Mera v. Rodriguez

73 A.D.3d 1069, 899 N.Y.S.2d 893
CourtAppellate Division of the Supreme Court of the State of New York
DecidedMay 18, 2010
StatusPublished
Cited by35 cases

This text of 73 A.D.3d 1069 (Mera v. Rodriguez) is published on Counsel Stack Legal Research, covering Appellate Division of the Supreme Court of the State of New York primary law. Counsel Stack provides free access to over 12 million legal documents including statutes, case law, regulations, and constitutions.

Bluebook
Mera v. Rodriguez, 73 A.D.3d 1069, 899 N.Y.S.2d 893 (N.Y. Ct. App. 2010).

Opinion

In a visitation proceeding pursuant to Family Court Act article 6, the father appeals, as limited by his brief, from so much of a corrected order of the Family Court, Westchester County (Edlitz, J.), entered June 3, 2009, as denied, without a hearing, his petition to modify a prior order of the same court dated March 6, 2008, which, inter alia, permitted him to have only therapeutic supervised visitation with the subject child once it was deemed therapeutically appropriate, and suspended all visitation between him and the subject child.

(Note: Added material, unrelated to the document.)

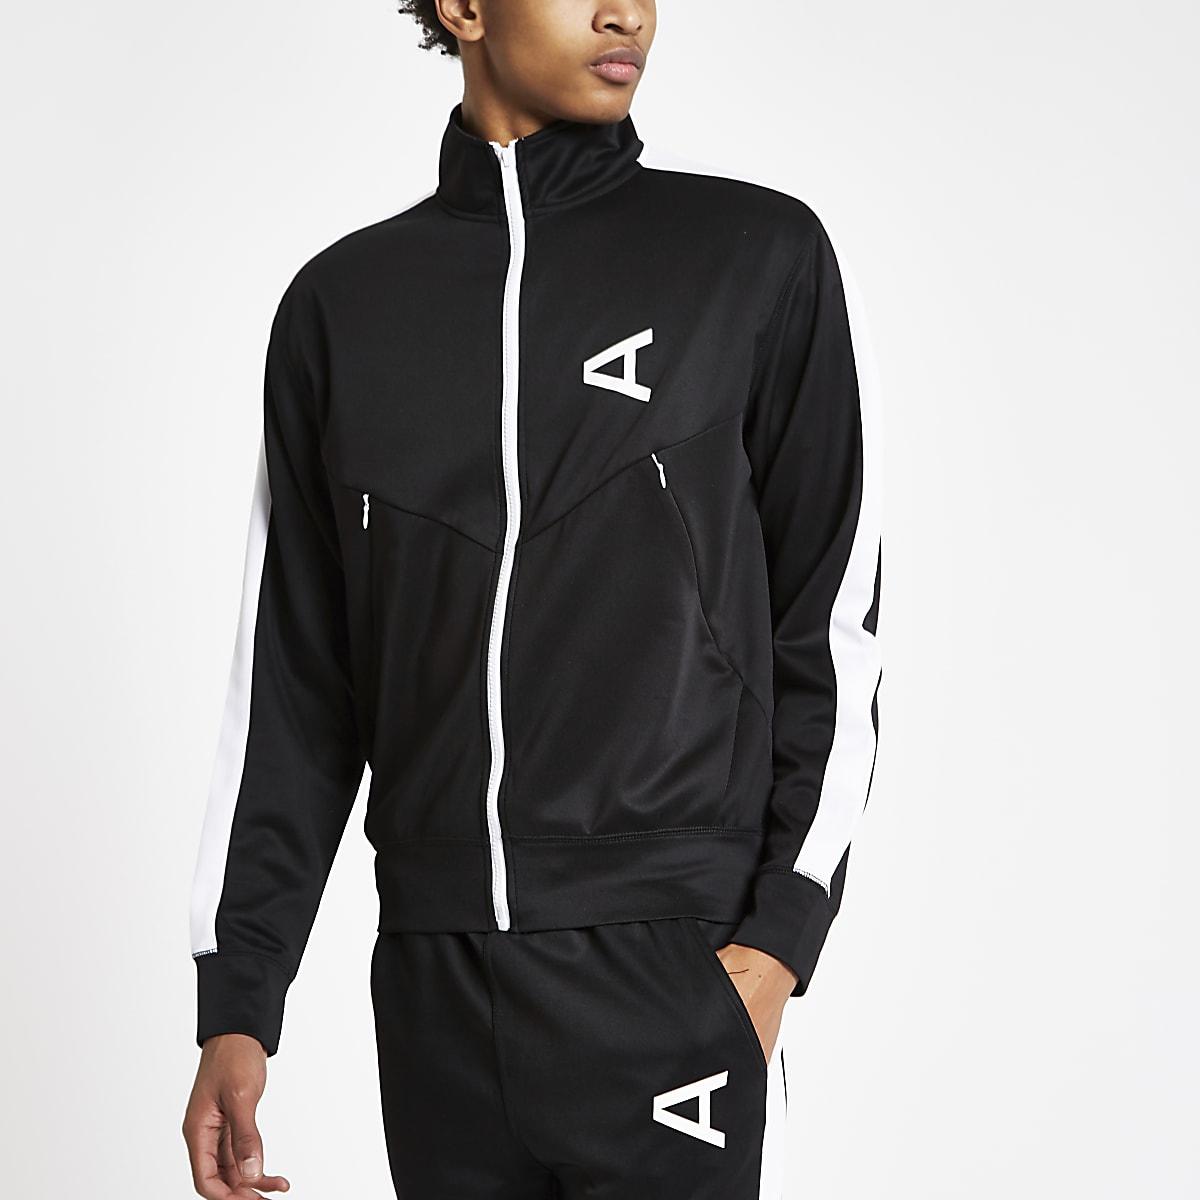 Arcminute – Schwarze Trainingsjacke mit Tunnelkragen

Ordered that the corrected order is affirmed insofar as appealed from, without costs or disbursements.

“A court must determine the best interests of the child when adjudicating . . . visitation issues. The determination of visitation issues is entrusted to the sound discretion of the trial court, and should not be disturbed on appeal unless it lacks a substantial evidentiary basis in the record” (Matter of Thompson v Yu-Thompson, 41 AD3d 487, 488 [2007]; see Jordan v Jordan, 8 AD3d 444 [2004]). “[A] noncustodial parent should have reasonable rights of visitation, and the denial of those rights to a natural parent is a drastic remedy which should only be invoked when there is substantial evidence that visitation would be detrimental to the child” (Matter of Grisanti v Grisanti, 4 AD3d 471, 473 [2004] [internal quotation marks and citation omitted]).

[1070]*1070The Family Court’s determination that therapeutic supervised visitation would be psychologically detrimental to, and not in the best interests of, the subject child has a sound and substantial basis in the record and should not be disturbed (see Matter of Thompson v Yu-Thompson, 41 AD3d 487 [2007]). To the extent that the Family Court relied upon the in camera interview of the then-12-year-old child, it was entitled to place great weight on the wishes of the child, who was mature enough to express his wishes (see Matter of O’Connor v Dyer, 18 AD3d 757 [2005]; Koppenhoefer v Koppenhoefer, 159 AD2d 113 [1990]).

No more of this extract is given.